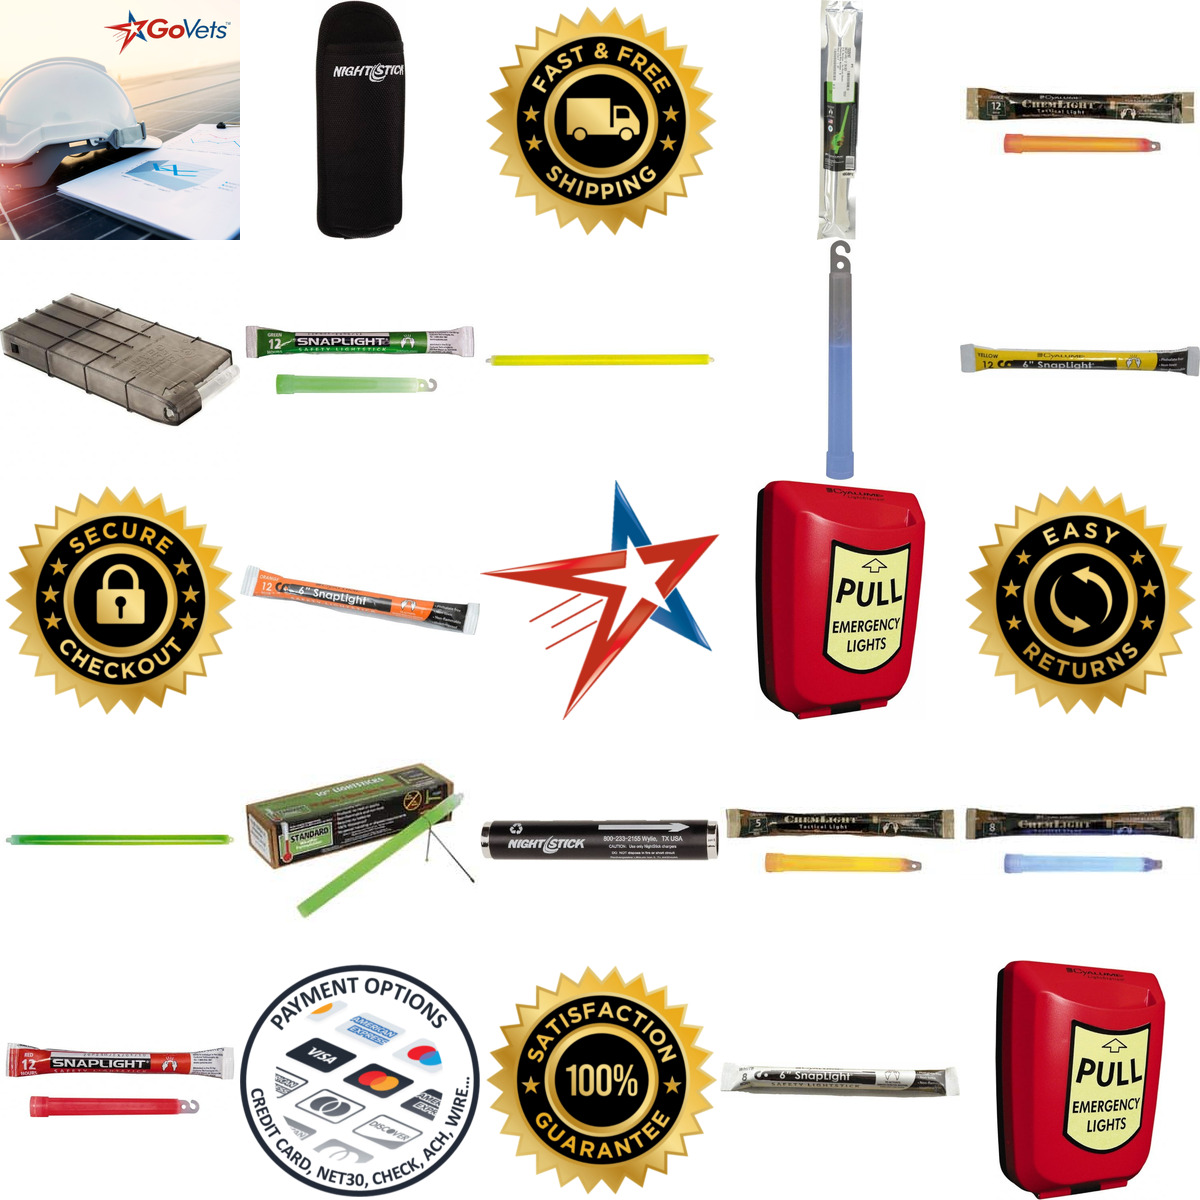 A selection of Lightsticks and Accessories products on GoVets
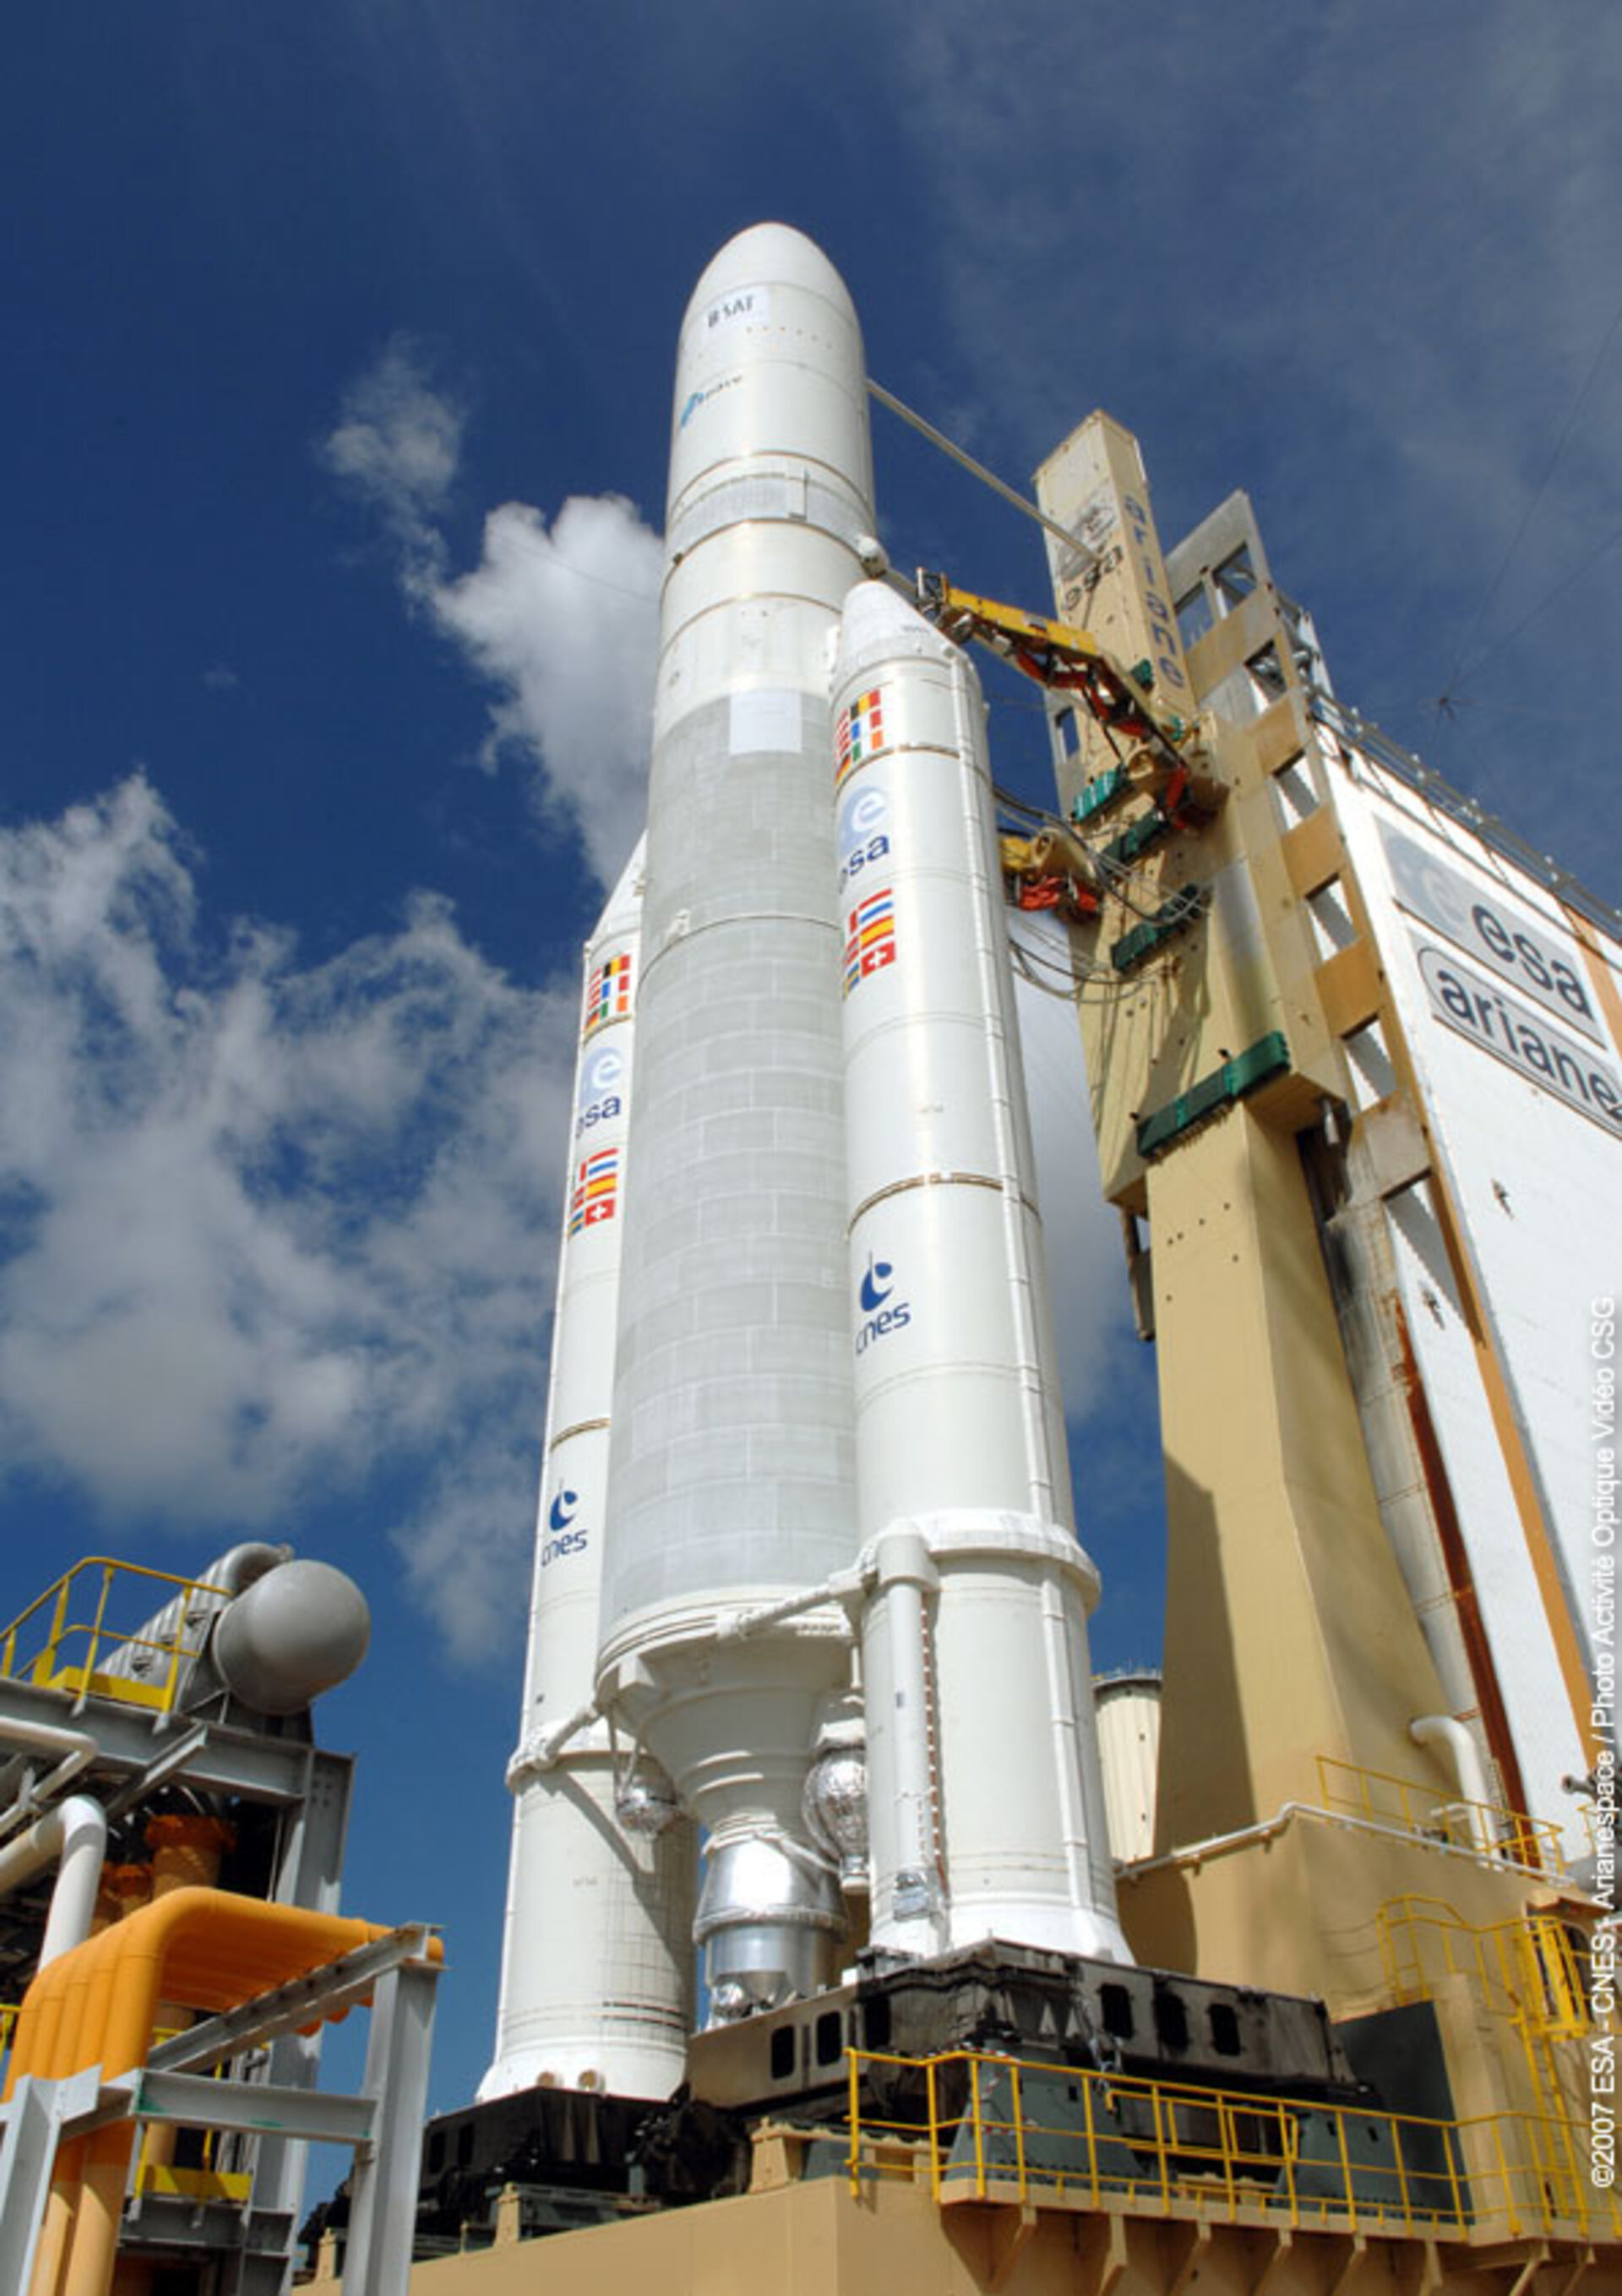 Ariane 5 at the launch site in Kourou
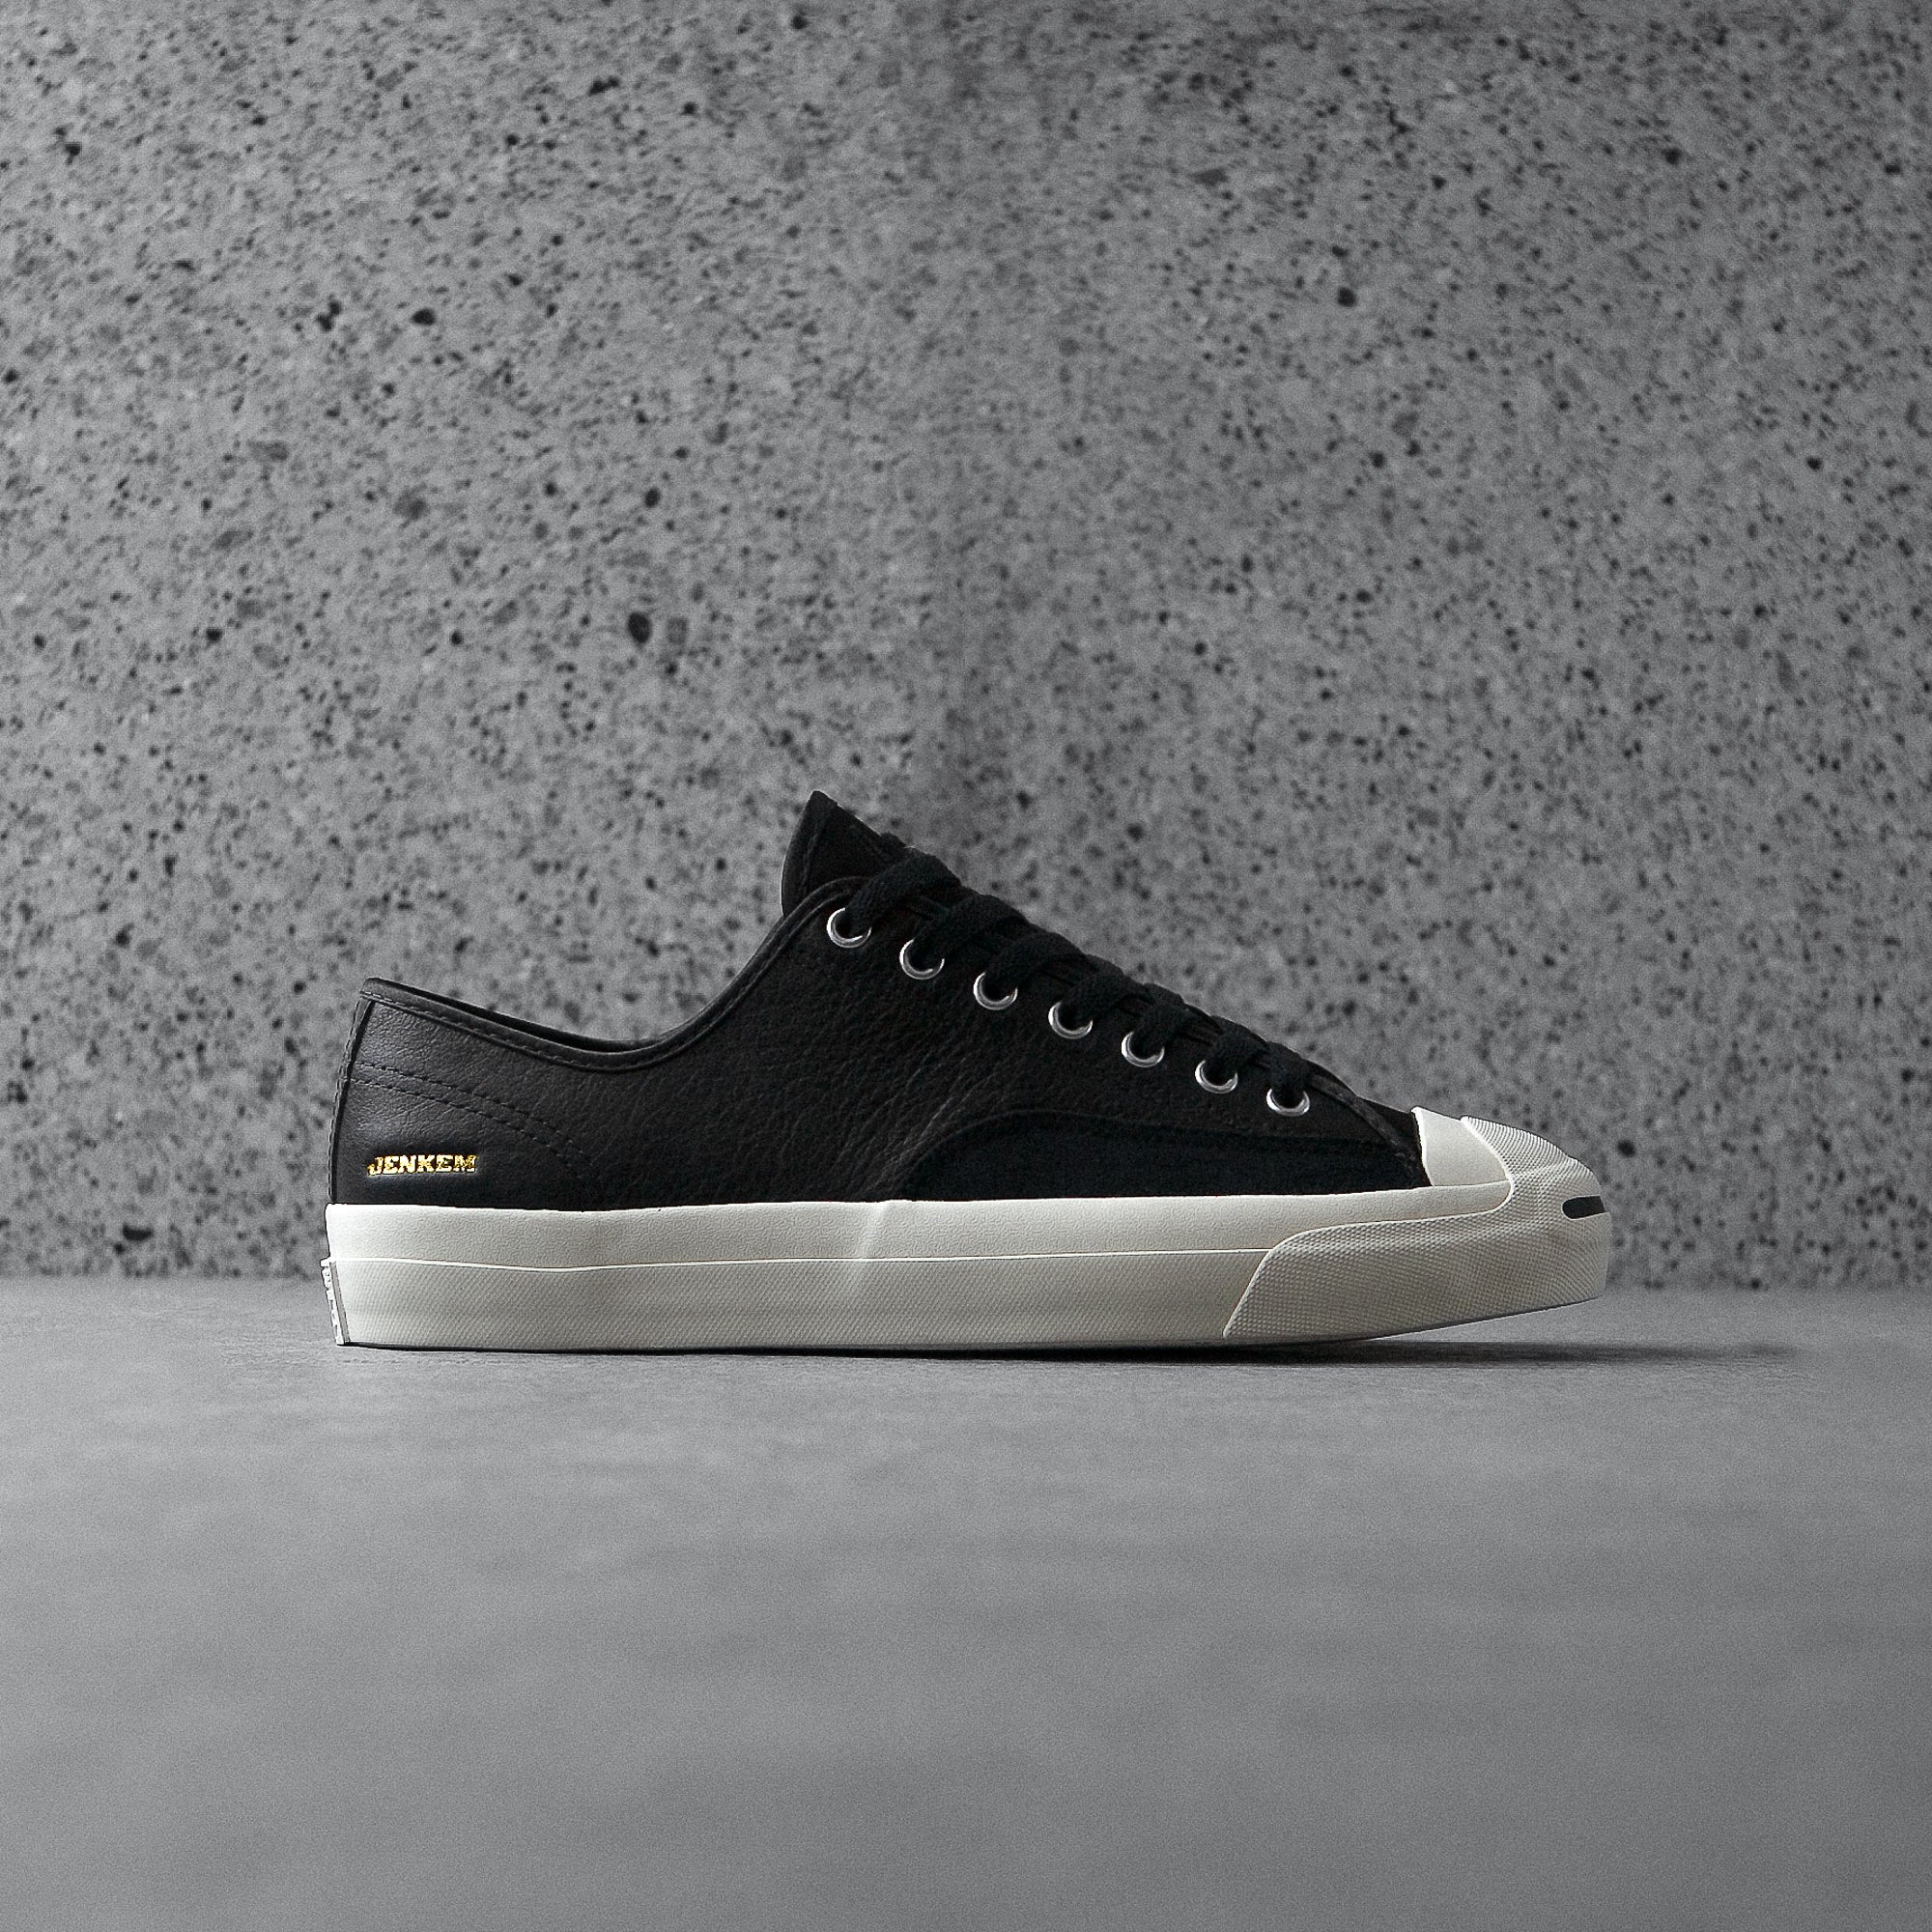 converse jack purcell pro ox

Your task =
Take the line with "Ariane 5 at the launch site in Kourou" and each line after it through the end of the material above, and reproduce them exactly, without the pictures.

Solution below =
 Ariane 5 at the launch site in Kourou
 converse jack purcell pro ox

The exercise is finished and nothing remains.